Health Benefits of Mary Cadogan’s Salmon with a Crispy Cheese Crust
Salmon is widely known for its numerous health benefits, and when paired with a cheesy crunch crust like in Mary Cadogan’s recipe, it becomes an even more nutritious and delicious meal. Rich in omega-3 fatty acids, proteins, essential vitamins and minerals, this dish has a variety of positive effects on your overall well-being. Let’s delve deeper into the health benefits of each ingredient:
1. Salmon
The star of this recipe, salmon, is an excellent source of omega-3 fatty acids. These healthy fats are known to reduce inflammation in the body, improve heart health, and support brain function. Omega-3 fatty acids have been linked to a reduced risk of heart disease, depression and cognitive decline.

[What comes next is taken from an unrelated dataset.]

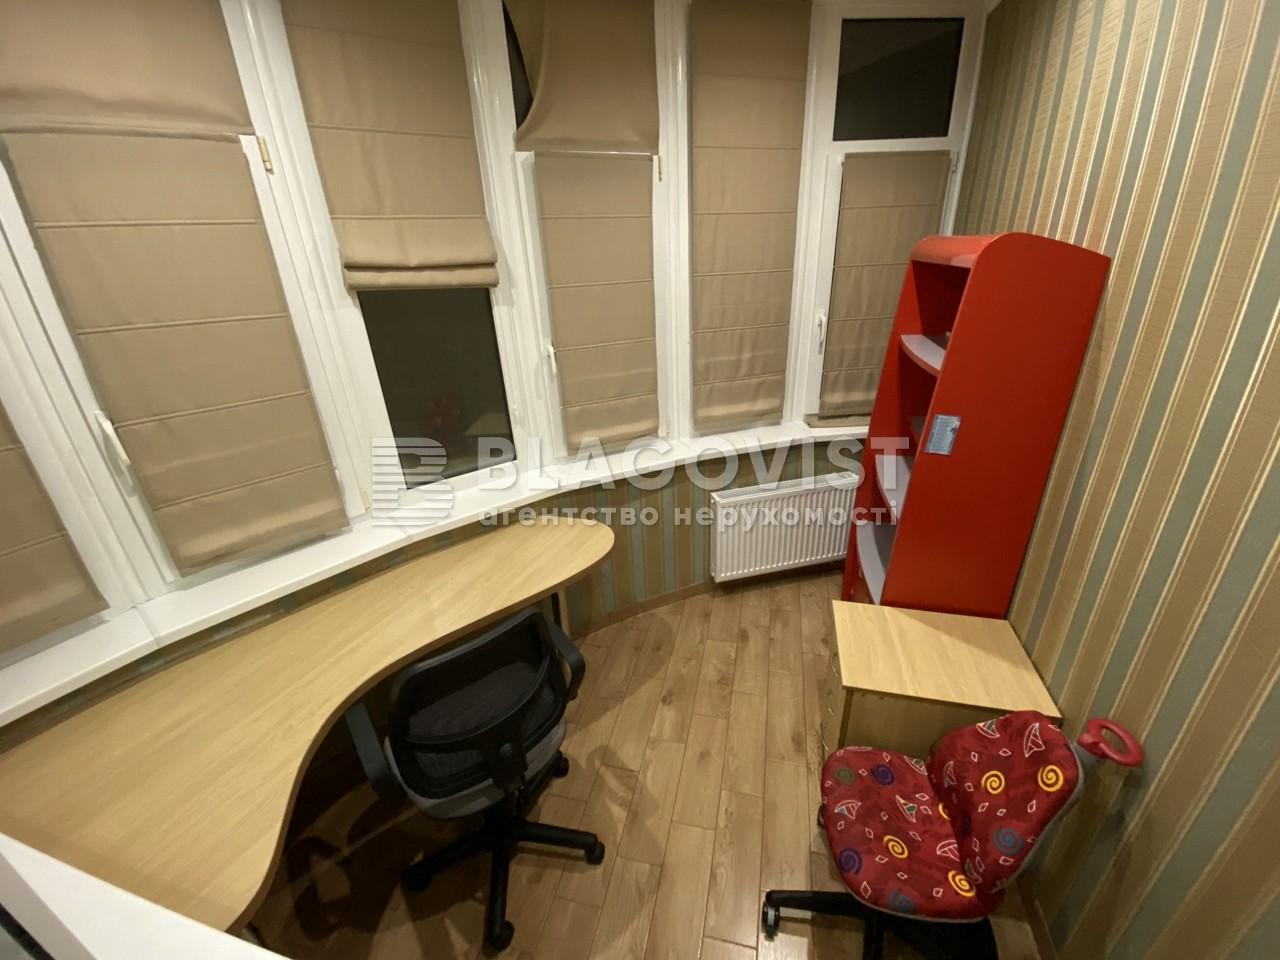 Квартира C-107159, Леси Украинки бульв., 7б, Киев - Фото 14

In addition, salmon is rich in high-quality protein, which is necessary for building and repairing tissue. Protein also helps regulate appetite and stabilize blood sugar levels, making it beneficial for weight management and diabetes prevention. In addition, salmon contains important vitamins such as vitamin B12, vitamin D and vitamin B6, which support energy production, immune function and bone health, respectively.
2. Butter
In moderation, butter can be part of a healthy diet. Although high in calories, the softened butter in this recipe adds flavor and a creamy texture to the dish. Butter contains various essential fatty acids and vitamins such as vitamin A, vitamin D and vitamin E. Vitamin A is crucial for maintaining eye health and supporting the immune system, while vitamin D is needed for calcium absorption and bone health. Vitamin E, on the other hand, acts as an antioxidant and protects cells from damage.

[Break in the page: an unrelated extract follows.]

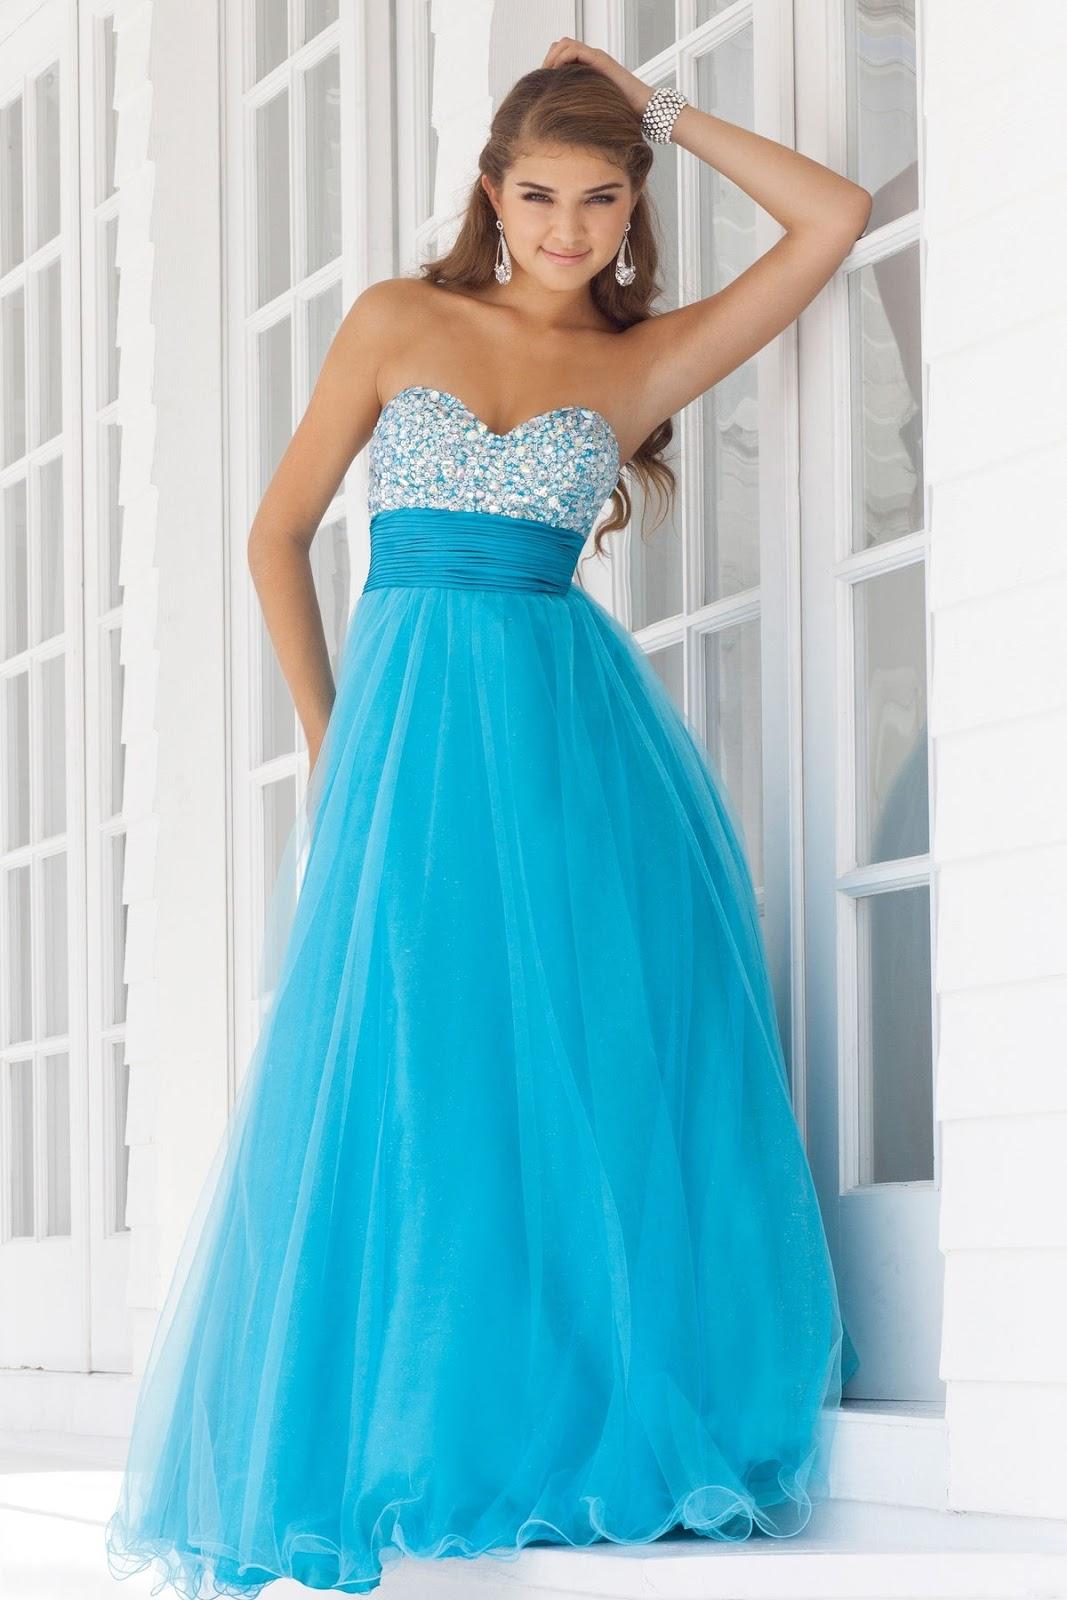 Plus Size Prom Dresses Ebay – DACC

3. Slivered or grated almonds
The addition of almond slivers or flaked almonds gives the dish a delicious crunch. Almonds are highly nutritious and an excellent source of healthy fats, fiber, proteins and antioxidants. These nuts are known to promote heart health by lowering bad cholesterol levels and lowering the risk of heart disease. Almonds also contain vitamin E, magnesium and potassium, which contribute to healthy skin, better digestion and optimal muscle function.
4. Fresh parsley
Parsley is not just a side dish but a nutritional powerhouse. This aromatic herb is a rich source of vitamin K, vitamin C, vitamin A and folic acid. Vitamin K is important for blood clotting and bone health, while vitamin C supports a healthy immune system and collagen formation. Parsley also contains essential minerals such as iron, calcium and potassium, which are crucial for various body functions including oxygen transport, bone strength and maintaining electrolyte balance.
5. Gruyère or Emmental
The final ingredient in this recipe is Gruyère or Emmental cheese, which gives the dish a cheesy and savory touch. Although cheese should be consumed in moderation due to its high sodium and fat content, it still provides nutritional benefits. Cheese is an excellent source of calcium and contributes to strong bones and teeth. It also provides protein and vitamin B12, which are important for energy production and red blood cell formation.
By combining these nutritious ingredients, Mary Cadogan’s salmon with a crispy cheese crust offers a delicious and health-promoting meal. From the omega-3 fatty acids in salmon to the antioxidant properties of almonds and parsley, this dish provides a balanced blend of essential nutrients for your body to function optimally.